Шрифт:
– Тебя звать Ниа? – прогудел правый.
– Допустим.
– Я Бьерн, он Бьярн, она Зубочистка. Мы готовы пойти с тобой, как просит Ясмень-сокол. Но цена нас не устраивает.
– Так зачем тратить время? – удивилась Ниа. – Я пошла, искренне расстроенная
Сопровождающий вдруг оказался рядом, что-то захрипев из-под маски. Лапищи положил на плече брухо, вдавив ее в землю.
– Хм… – правый почесал в затылке. – Странный какой-то вариант. Мы о таком не договаривались, слышишь, цыпа?
– Слышу, – сказала Ниа, – отпустишь?
Сопровождающий снова захрипел, явно стараясь донести мысль. Энди, зная, что будет, все равно чуток заинтересовался. Ну, так оно и вышло. Только на этот раз без всяких пугающих появлений и все такой.
Голова сопровождающего, явно удивившегося и тонко заголосившего, сама по себе начала выкручиваться вправо и лицом к лопаткам. Воздух замерцал, превратившись в высокого, покрытого голубой шерстью, обезьяну-антропоида. Морда, вымазанная белой краской под череп, довольно ухмылялась.
– Круто! – разом выдохнули оба бородатых. Их соседка, меланхолично перекатив зубочистку из одно уголка рта в другой, ничего не сказала. Энди, само собой, молчал.
Ниа, наблюдая за подергиванием сопровождающего, молчала. Пока не начал доноситься подозрительный треск.
– Хватит. Просто держи.
Лоа, недовольно оскалившись, рявкнул.
– Я знаю. Если они меня обманут, отпущу тебя на охоту. Пока не ломай ему ничего, сказала же, он пока еще нужен.
Ниа постучала по лбу – тук-тук-тук, как по бильярдному шару.
– Есть кто дома или только опилки с тараканами? Возвращайся к хозяину. Передай, что все получит вечером, в той самой камере Северного вокзала, где есть кот. И пусть приходит один, с ним ничего не случится.

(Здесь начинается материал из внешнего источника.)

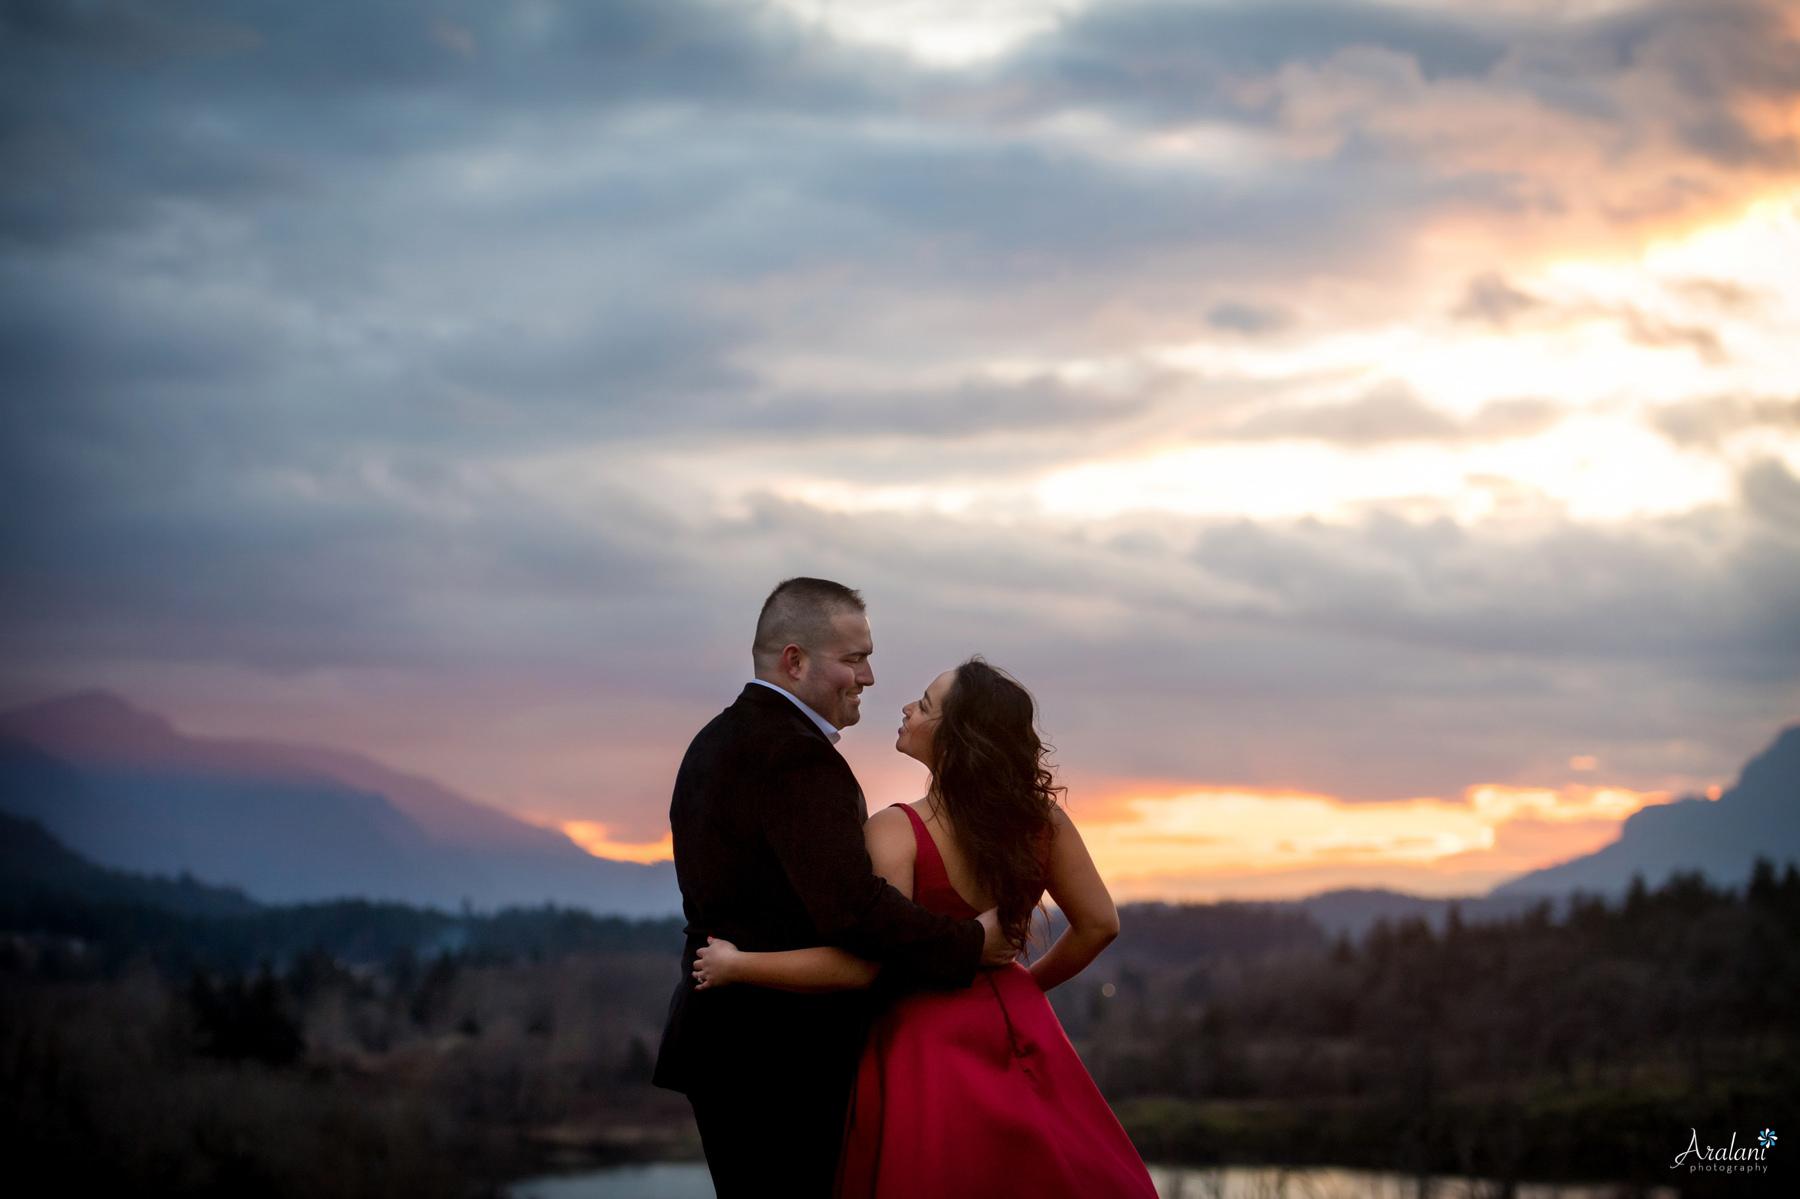 Columbia_River_Gorge_Sunset_Engagement0014.jpg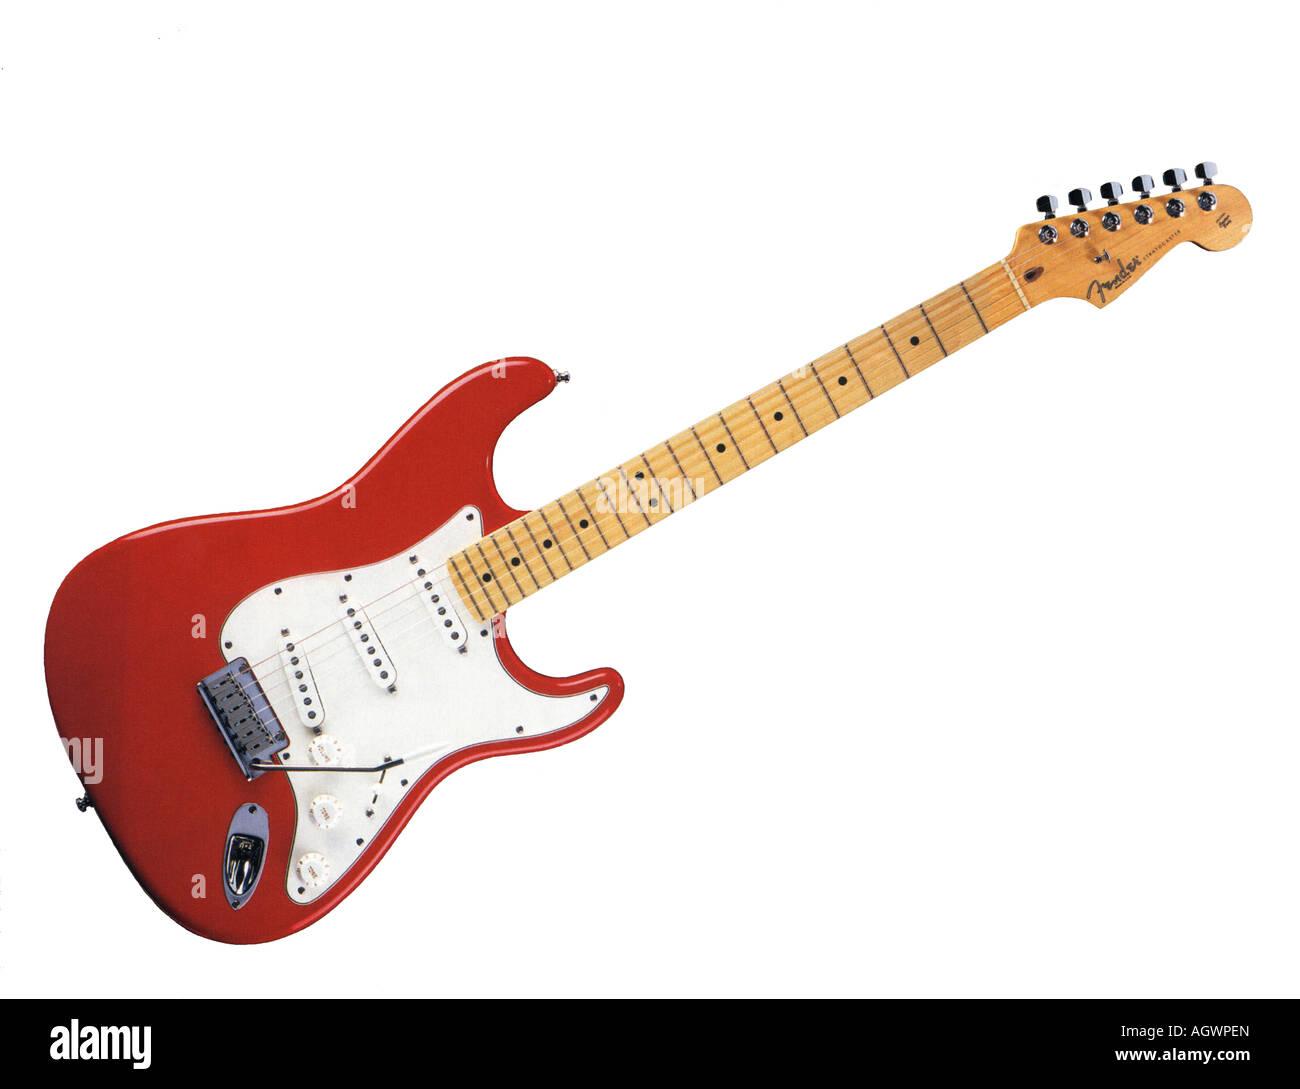 dd6d7136371a9 Fender Guitar Photos & Fender Guitar Images - Alamy

Лоа, еще раз недовольно рыкнув, отпустил сопровождающего. Тот, даже не поправляя мешок на лице, бросился бежать. Антропоид, корча рожи на разрисованной морде, повернулся к сидящим за столом наемникам. Оскалил клыки, блеснув черной губой.
– Ядрены кочерыжки! – старший, Бьярн… нет, Бьерн, потянулся к поясу. Младший, Бьярн, выложил на стол короткий широкоствольный обрез. Зубочистка ничего не выложила и рук никуда не убрала, только перестала гонять по рту свою подружку.
Ниа щелкнула пальцами, весьма даже эффектно. Лоа, рыкнув, пропал.
– Итак, что там насчет цены за ваши… услуги?
– Прибавить бы надо, – прогудел Бьерн, – ну так… для приличия.
– Прояснишь? – Ниа уставилась на него своими, все еще злыми, глазами.
Бьерн открыл рот, захлопнул, покраснел и…
– Чего непонятного? – голос у Зубочистки оказался красивый, грудной и бархатный. – Нам не объяснили куда нужно будет с тобой идти, но это ладно. Но зато предупредили, что нанимает нас женщина из вуду. Часто у нас тут бывают такие гости, Бьерн? Бьярн?
Оба так усердно замотали головами, что превратили ирокезы в ало-черные смазанные полосы. Энди, сидящий в своей скорлупе и стоящий сбоку, легко понял все и без того ясное.
Главная в тройке – женщина. А суровые кубы из мускулов и твердолобых бородатых голов так… мясо. Бойцы, не более того. Ниа, надо полагать, это поняла еще быстрее своего медленно угасающего слуги.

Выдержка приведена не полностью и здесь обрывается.